What is needed is a word-for-word transcript of the listing, free of pictures.

(Given data):
++++++

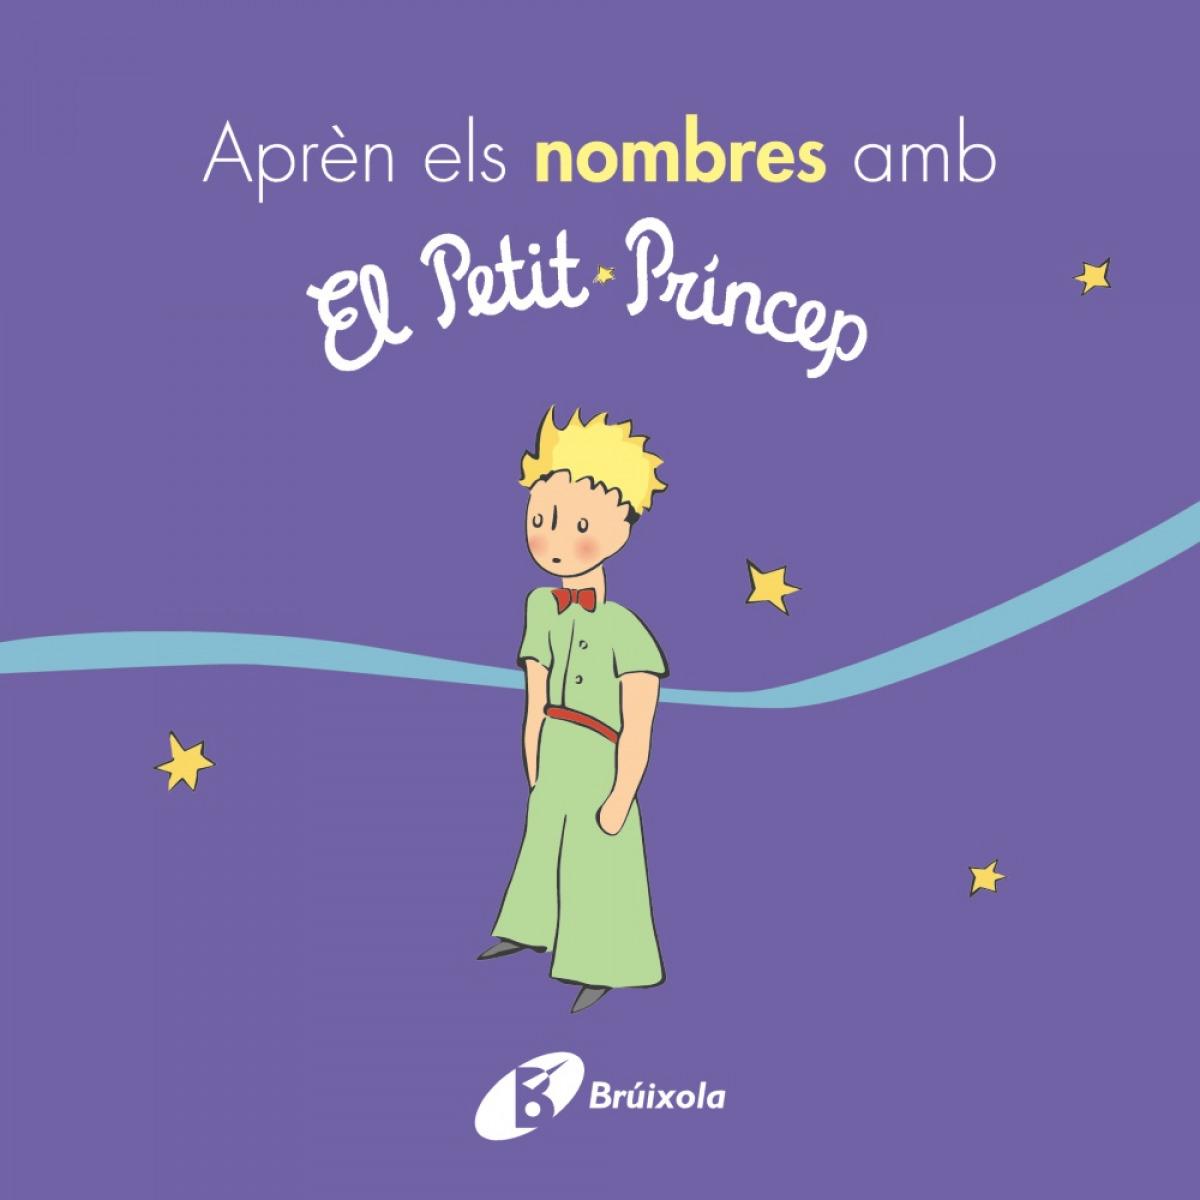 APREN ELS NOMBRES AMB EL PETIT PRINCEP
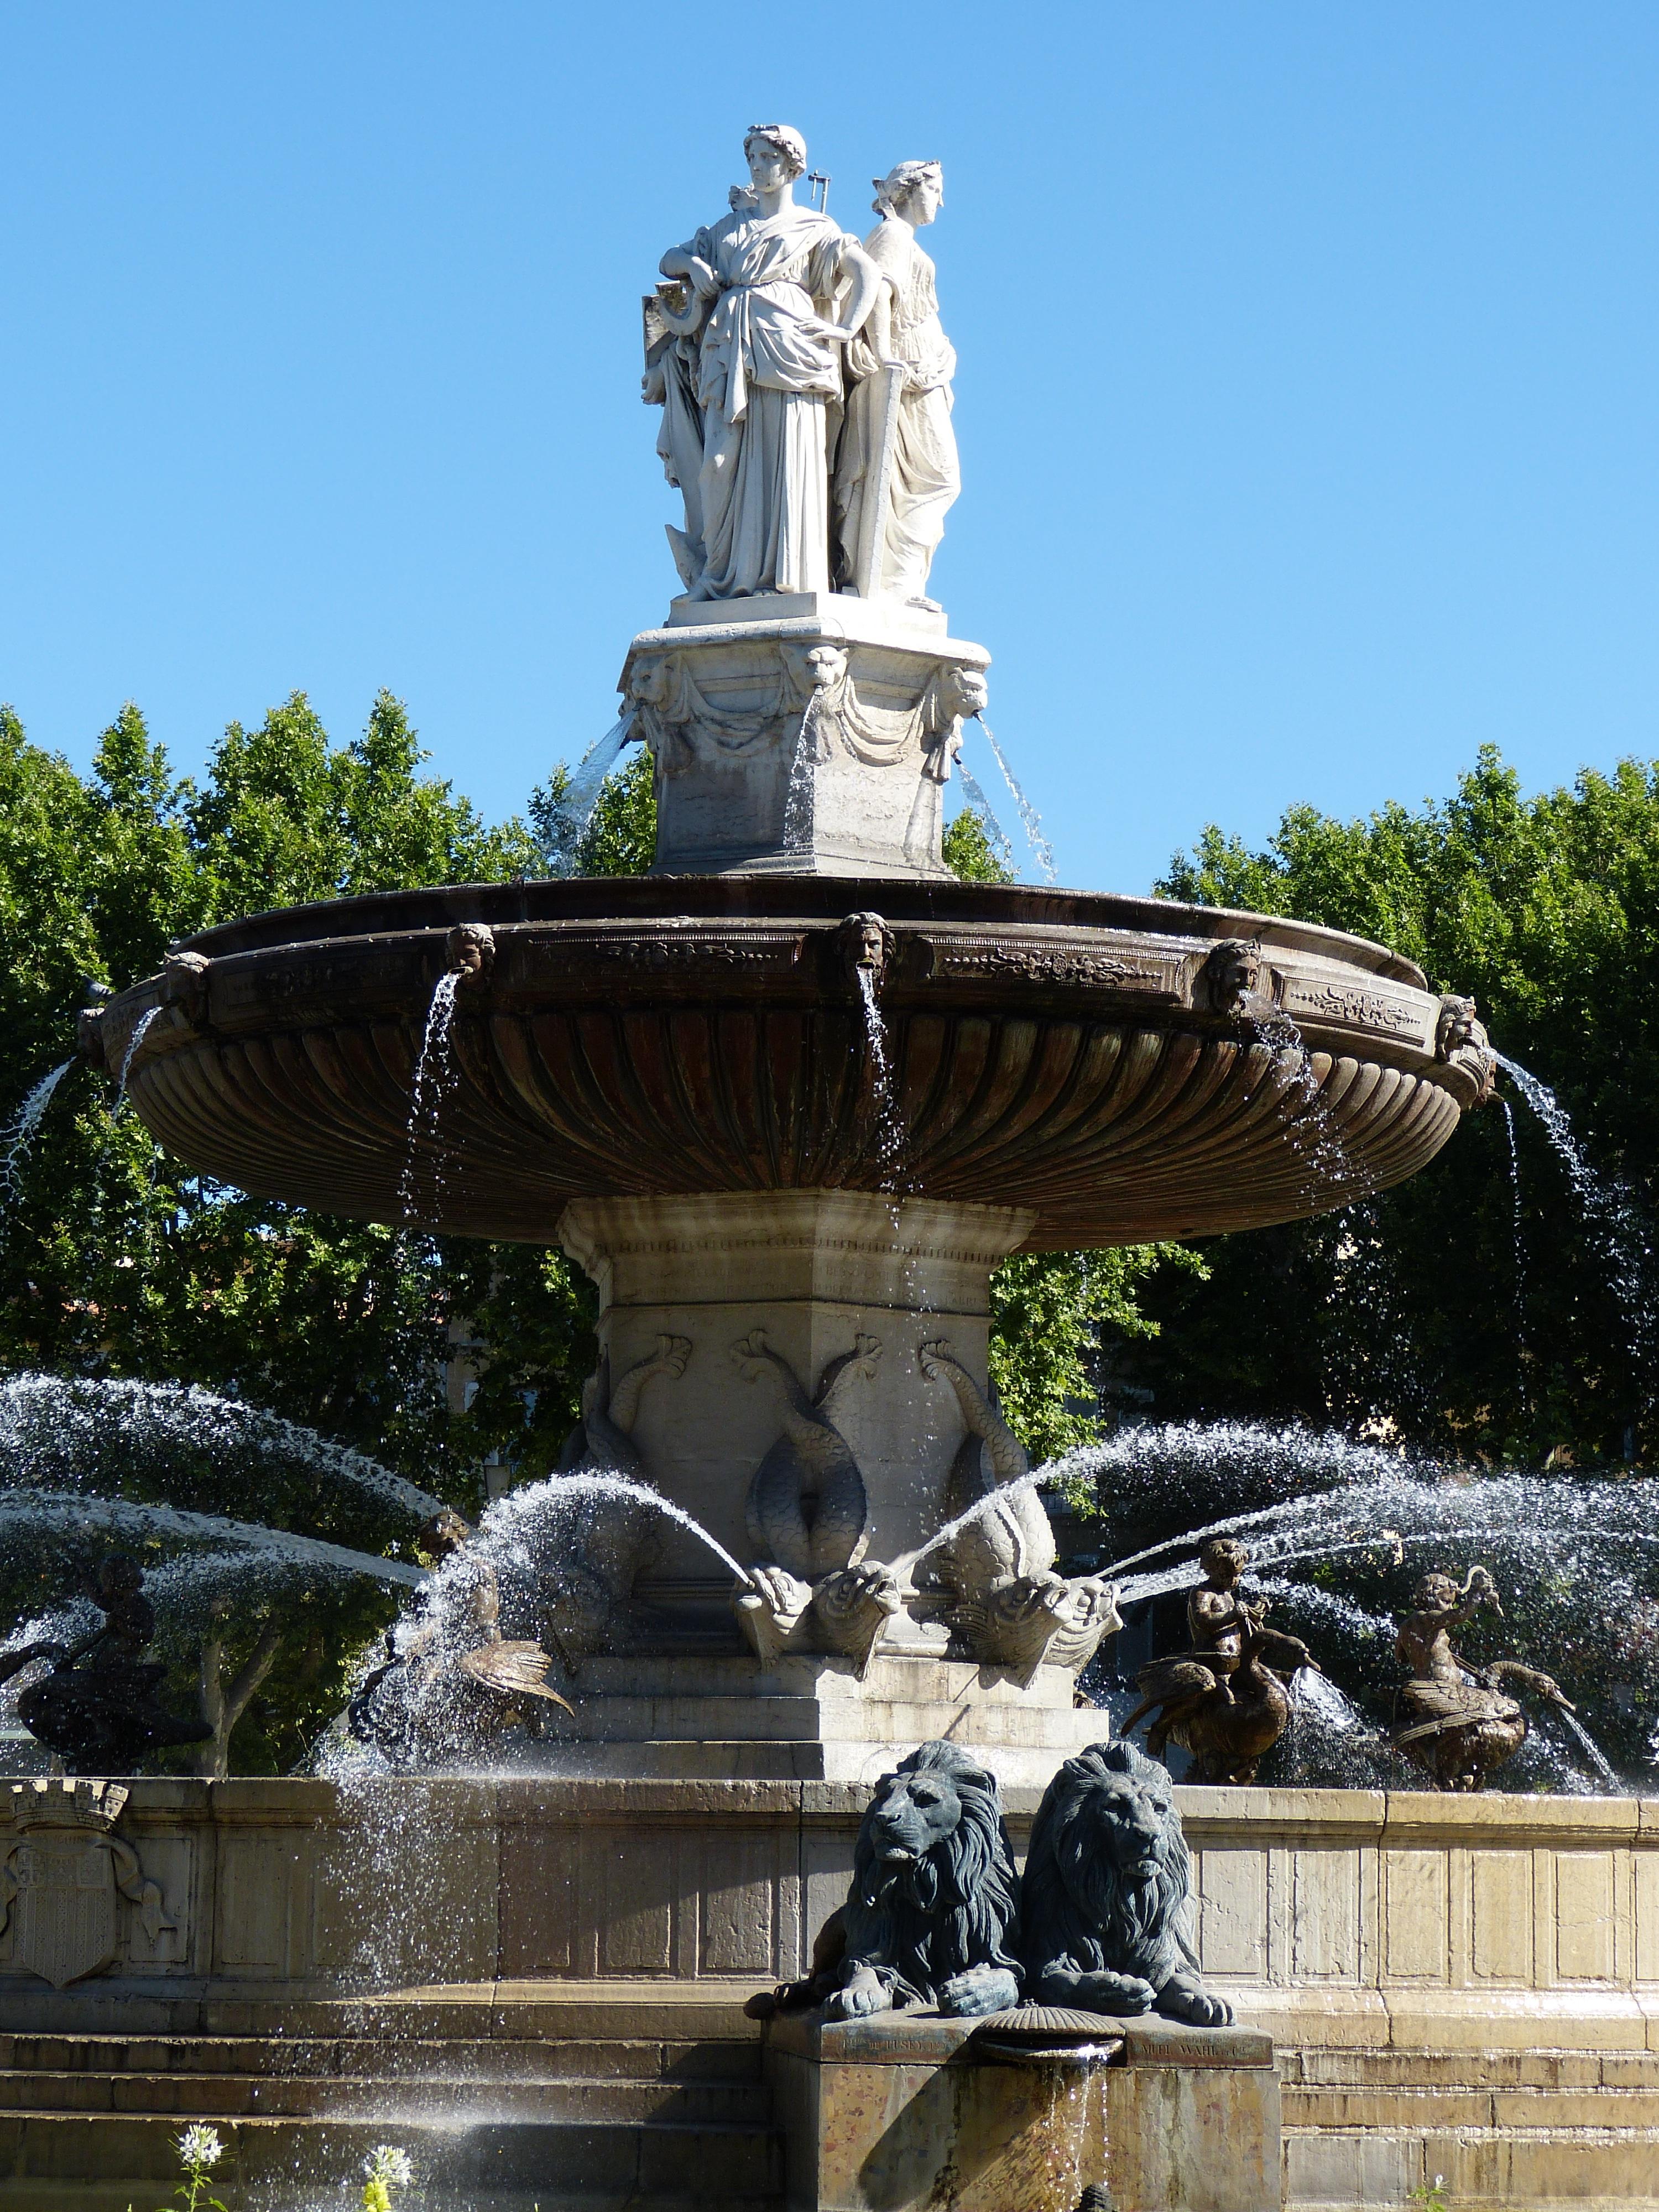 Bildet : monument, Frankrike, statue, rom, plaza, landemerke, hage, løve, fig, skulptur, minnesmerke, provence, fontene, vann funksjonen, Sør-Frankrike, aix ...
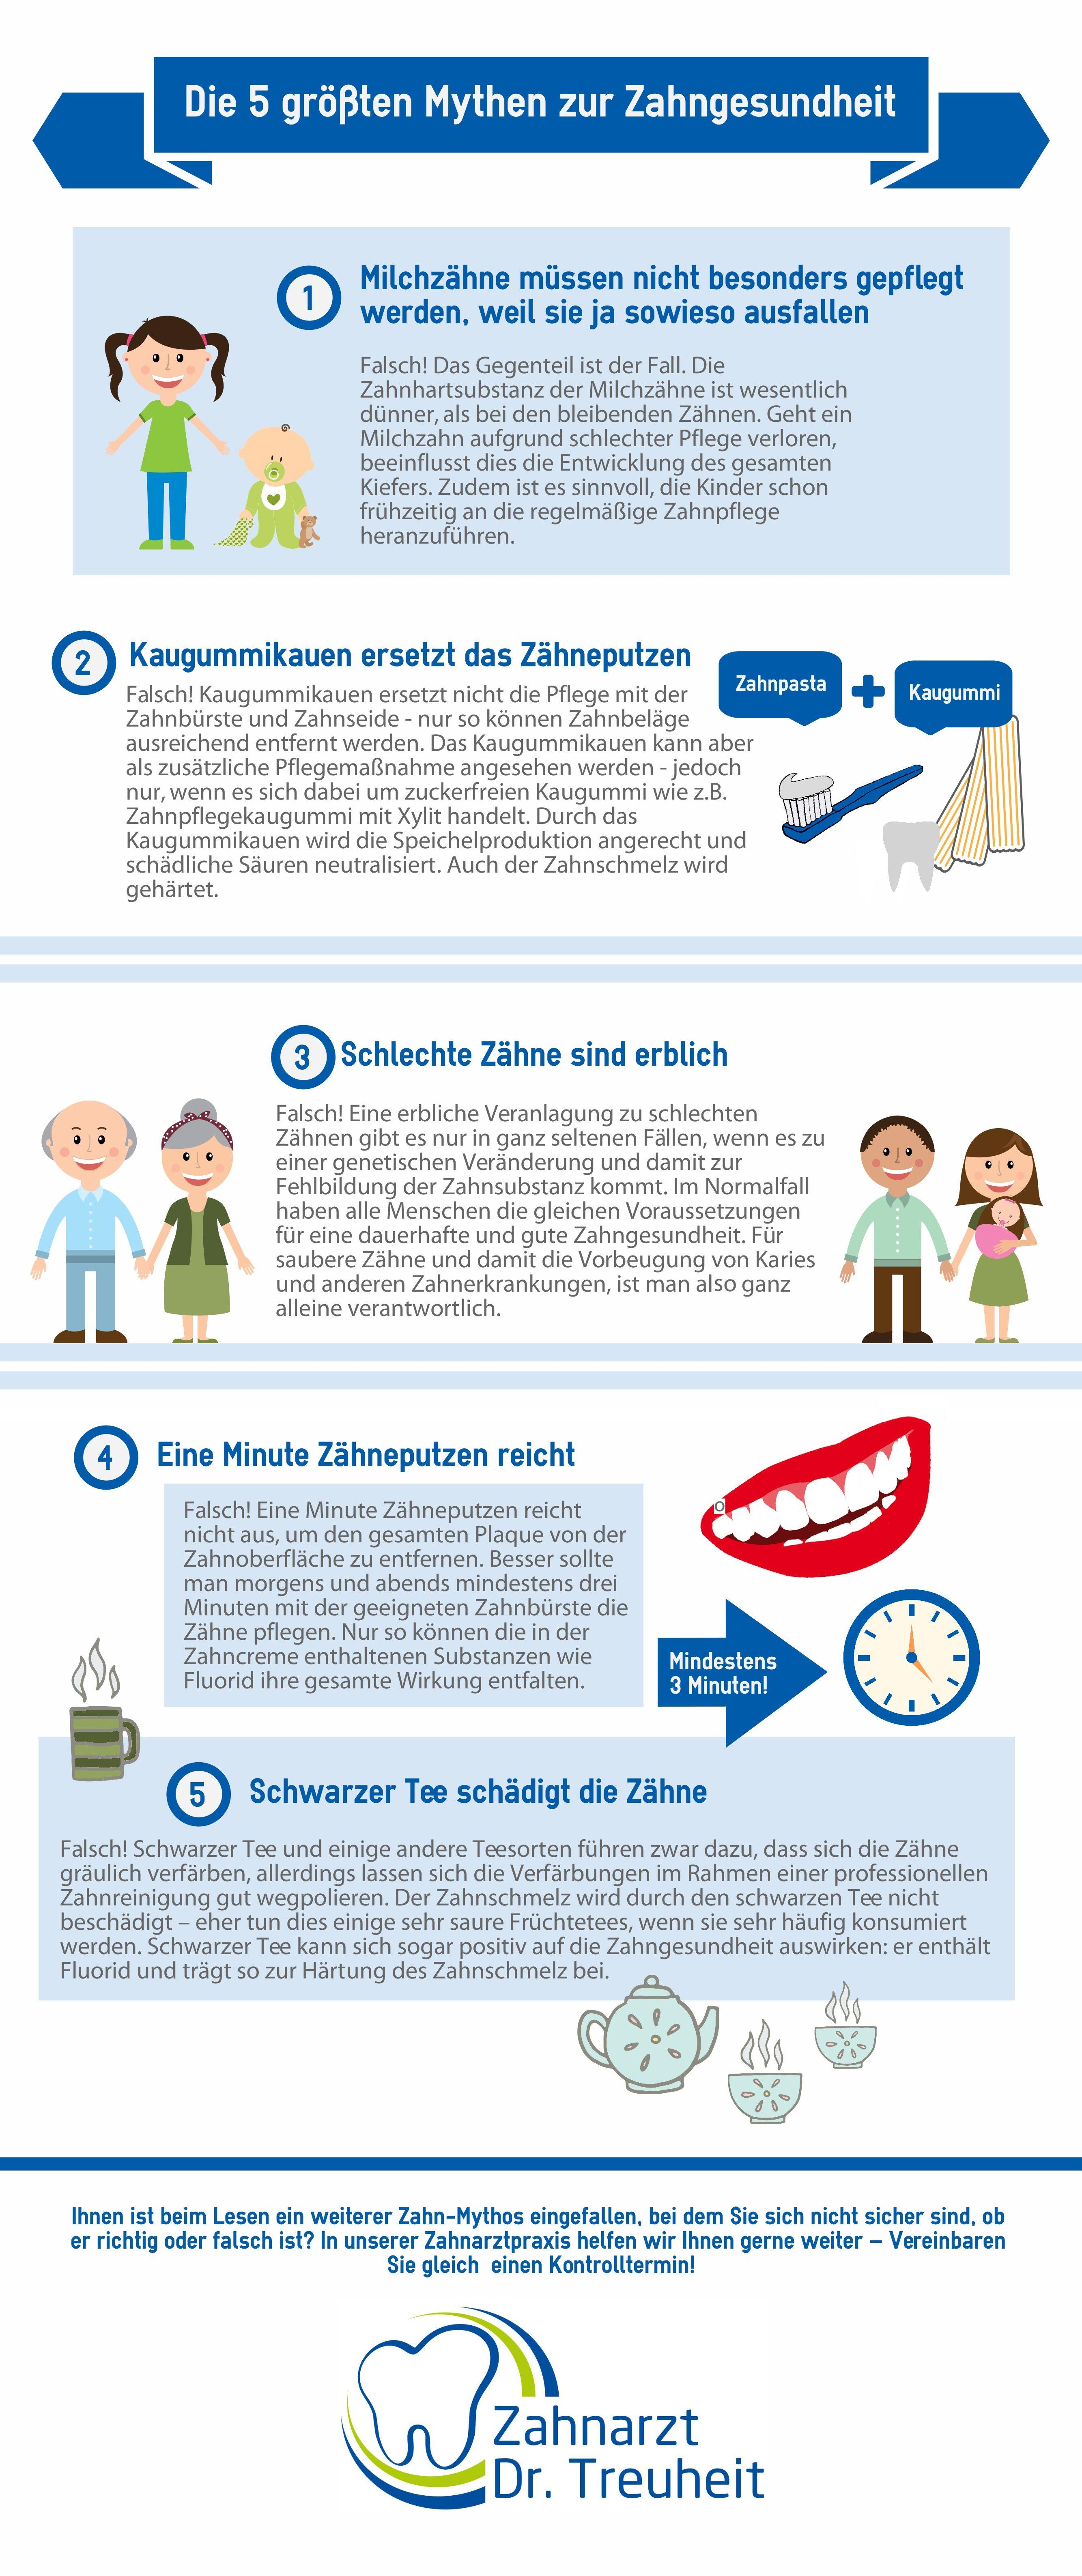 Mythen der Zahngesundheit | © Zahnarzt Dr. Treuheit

++++++

(Response):
 APREN ELS NOMBRES AMB EL PETIT PRINCEP
 Bildet : monument, Frankrike, statue, rom, plaza, landemerke, hage, løve, fig, skulptur, minnesmerke, provence, fontene, vann funksjonen, Sør-Frankrike, aix ...
 Mythen der Zahngesundheit | © Zahnarzt Dr. Treuheit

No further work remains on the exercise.